• _Action item_: Repeat the records below verbatim.
##### The data #####
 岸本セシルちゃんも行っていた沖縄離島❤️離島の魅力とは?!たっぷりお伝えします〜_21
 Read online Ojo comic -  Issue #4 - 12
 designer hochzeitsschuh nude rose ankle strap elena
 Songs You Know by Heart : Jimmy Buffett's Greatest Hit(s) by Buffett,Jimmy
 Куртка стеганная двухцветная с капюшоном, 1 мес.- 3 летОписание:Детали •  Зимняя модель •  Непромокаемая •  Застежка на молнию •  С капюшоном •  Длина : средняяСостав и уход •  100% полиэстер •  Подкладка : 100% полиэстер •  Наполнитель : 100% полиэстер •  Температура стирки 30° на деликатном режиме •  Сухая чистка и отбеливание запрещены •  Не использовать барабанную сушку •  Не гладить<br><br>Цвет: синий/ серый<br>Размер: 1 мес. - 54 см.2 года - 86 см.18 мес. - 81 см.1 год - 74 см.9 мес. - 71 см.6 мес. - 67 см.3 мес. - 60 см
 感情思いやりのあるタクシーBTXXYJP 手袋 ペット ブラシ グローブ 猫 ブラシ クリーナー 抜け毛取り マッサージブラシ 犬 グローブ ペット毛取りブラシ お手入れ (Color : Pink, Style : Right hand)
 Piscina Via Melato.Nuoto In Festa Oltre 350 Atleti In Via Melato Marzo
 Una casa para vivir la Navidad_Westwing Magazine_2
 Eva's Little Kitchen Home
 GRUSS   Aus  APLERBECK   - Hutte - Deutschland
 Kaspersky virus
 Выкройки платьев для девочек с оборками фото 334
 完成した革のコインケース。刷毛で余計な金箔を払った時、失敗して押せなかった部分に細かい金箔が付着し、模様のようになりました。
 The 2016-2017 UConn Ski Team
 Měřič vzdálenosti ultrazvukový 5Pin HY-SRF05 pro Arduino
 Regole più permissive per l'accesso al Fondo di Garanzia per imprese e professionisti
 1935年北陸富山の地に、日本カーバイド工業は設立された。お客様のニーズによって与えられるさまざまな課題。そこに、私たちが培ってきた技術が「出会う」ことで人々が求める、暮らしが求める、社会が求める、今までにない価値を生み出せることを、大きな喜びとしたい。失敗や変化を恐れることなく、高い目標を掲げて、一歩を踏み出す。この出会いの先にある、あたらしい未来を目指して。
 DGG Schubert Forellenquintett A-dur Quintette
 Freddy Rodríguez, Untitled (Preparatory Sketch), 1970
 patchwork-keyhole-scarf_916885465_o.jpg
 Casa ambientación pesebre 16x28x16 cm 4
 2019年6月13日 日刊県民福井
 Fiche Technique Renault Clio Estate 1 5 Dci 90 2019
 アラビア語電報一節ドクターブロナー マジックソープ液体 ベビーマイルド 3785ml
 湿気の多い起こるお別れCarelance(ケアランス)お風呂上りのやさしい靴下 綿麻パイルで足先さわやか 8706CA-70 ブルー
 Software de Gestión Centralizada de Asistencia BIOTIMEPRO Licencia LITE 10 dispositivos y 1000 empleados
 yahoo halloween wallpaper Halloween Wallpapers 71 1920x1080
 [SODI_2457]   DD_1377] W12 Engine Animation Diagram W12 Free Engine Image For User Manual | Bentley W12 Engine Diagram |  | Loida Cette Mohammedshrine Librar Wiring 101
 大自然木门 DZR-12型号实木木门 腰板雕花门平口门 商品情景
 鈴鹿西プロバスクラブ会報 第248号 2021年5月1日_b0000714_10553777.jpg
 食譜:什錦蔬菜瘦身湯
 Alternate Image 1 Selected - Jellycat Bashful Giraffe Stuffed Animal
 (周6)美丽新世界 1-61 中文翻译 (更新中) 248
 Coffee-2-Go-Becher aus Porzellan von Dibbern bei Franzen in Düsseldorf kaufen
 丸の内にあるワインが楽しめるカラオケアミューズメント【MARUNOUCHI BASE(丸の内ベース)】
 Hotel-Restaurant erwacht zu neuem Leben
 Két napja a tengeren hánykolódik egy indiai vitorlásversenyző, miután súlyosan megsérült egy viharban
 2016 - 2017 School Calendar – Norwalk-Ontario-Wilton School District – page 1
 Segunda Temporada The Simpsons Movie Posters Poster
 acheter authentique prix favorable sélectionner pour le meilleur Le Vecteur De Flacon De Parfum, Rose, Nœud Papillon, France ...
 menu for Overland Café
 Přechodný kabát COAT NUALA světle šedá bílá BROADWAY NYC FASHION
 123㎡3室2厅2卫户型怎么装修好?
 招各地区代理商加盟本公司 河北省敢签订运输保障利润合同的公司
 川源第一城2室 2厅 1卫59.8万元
#####
• _Answer_:
 岸本セシルちゃんも行っていた沖縄離島❤️離島の魅力とは?!たっぷりお伝えします〜_21
 Read online Ojo comic -  Issue #4 - 12
 designer hochzeitsschuh nude rose ankle strap elena
 Songs You Know by Heart : Jimmy Buffett's Greatest Hit(s) by Buffett,Jimmy
 Куртка стеганная двухцветная с капюшоном, 1 мес.- 3 летОписание:Детали •  Зимняя модель •  Непромокаемая •  Застежка на молнию •  С капюшоном •  Длина : средняяСостав и уход •  100% полиэстер •  Подкладка : 100% полиэстер •  Наполнитель : 100% полиэстер •  Температура стирки 30° на деликатном режиме •  Сухая чистка и отбеливание запрещены •  Не использовать барабанную сушку •  Не гладить<br><br>Цвет: синий/ серый<br>Размер: 1 мес. - 54 см.2 года - 86 см.18 мес. - 81 см.1 год - 74 см.9 мес. - 71 см.6 мес. - 67 см.3 мес. - 60 см
 感情思いやりのあるタクシーBTXXYJP 手袋 ペット ブラシ グローブ 猫 ブラシ クリーナー 抜け毛取り マッサージブラシ 犬 グローブ ペット毛取りブラシ お手入れ (Color : Pink, Style : Right hand)
 Piscina Via Melato.Nuoto In Festa Oltre 350 Atleti In Via Melato Marzo
 Una casa para vivir la Navidad_Westwing Magazine_2
 Eva's Little Kitchen Home
 GRUSS   Aus  APLERBECK   - Hutte - Deutschland
 Kaspersky virus
 Выкройки платьев для девочек с оборками фото 334
 完成した革のコインケース。刷毛で余計な金箔を払った時、失敗して押せなかった部分に細かい金箔が付着し、模様のようになりました。
 The 2016-2017 UConn Ski Team
 Měřič vzdálenosti ultrazvukový 5Pin HY-SRF05 pro Arduino
 Regole più permissive per l'accesso al Fondo di Garanzia per imprese e professionisti
 1935年北陸富山の地に、日本カーバイド工業は設立された。お客様のニーズによって与えられるさまざまな課題。そこに、私たちが培ってきた技術が「出会う」ことで人々が求める、暮らしが求める、社会が求める、今までにない価値を生み出せることを、大きな喜びとしたい。失敗や変化を恐れることなく、高い目標を掲げて、一歩を踏み出す。この出会いの先にある、あたらしい未来を目指して。
 DGG Schubert Forellenquintett A-dur Quintette
 Freddy Rodríguez, Untitled (Preparatory Sketch), 1970
 patchwork-keyhole-scarf_916885465_o.jpg
 Casa ambientación pesebre 16x28x16 cm 4
 2019年6月13日 日刊県民福井
 Fiche Technique Renault Clio Estate 1 5 Dci 90 2019
 アラビア語電報一節ドクターブロナー マジックソープ液体 ベビーマイルド 3785ml
 湿気の多い起こるお別れCarelance(ケアランス)お風呂上りのやさしい靴下 綿麻パイルで足先さわやか 8706CA-70 ブルー
 Software de Gestión Centralizada de Asistencia BIOTIMEPRO Licencia LITE 10 dispositivos y 1000 empleados
 yahoo halloween wallpaper Halloween Wallpapers 71 1920x1080
 [SODI_2457]   DD_1377] W12 Engine Animation Diagram W12 Free Engine Image For User Manual | Bentley W12 Engine Diagram |  | Loida Cette Mohammedshrine Librar Wiring 101
 大自然木门 DZR-12型号实木木门 腰板雕花门平口门 商品情景
 鈴鹿西プロバスクラブ会報 第248号 2021年5月1日_b0000714_10553777.jpg
 食譜:什錦蔬菜瘦身湯
 Alternate Image 1 Selected - Jellycat Bashful Giraffe Stuffed Animal
 (周6)美丽新世界 1-61 中文翻译 (更新中) 248
 Coffee-2-Go-Becher aus Porzellan von Dibbern bei Franzen in Düsseldorf kaufen
 丸の内にあるワインが楽しめるカラオケアミューズメント【MARUNOUCHI BASE(丸の内ベース)】
 Hotel-Restaurant erwacht zu neuem Leben
 Két napja a tengeren hánykolódik egy indiai vitorlásversenyző, miután súlyosan megsérült egy viharban
 2016 - 2017 School Calendar – Norwalk-Ontario-Wilton School District – page 1
 Segunda Temporada The Simpsons Movie Posters Poster
 acheter authentique prix favorable sélectionner pour le meilleur Le Vecteur De Flacon De Parfum, Rose, Nœud Papillon, France ...
 menu for Overland Café
 Přechodný kabát COAT NUALA světle šedá bílá BROADWAY NYC FASHION
 123㎡3室2厅2卫户型怎么装修好?
 招各地区代理商加盟本公司 河北省敢签订运输保障利润合同的公司
 川源第一城2室 2厅 1卫59.8万元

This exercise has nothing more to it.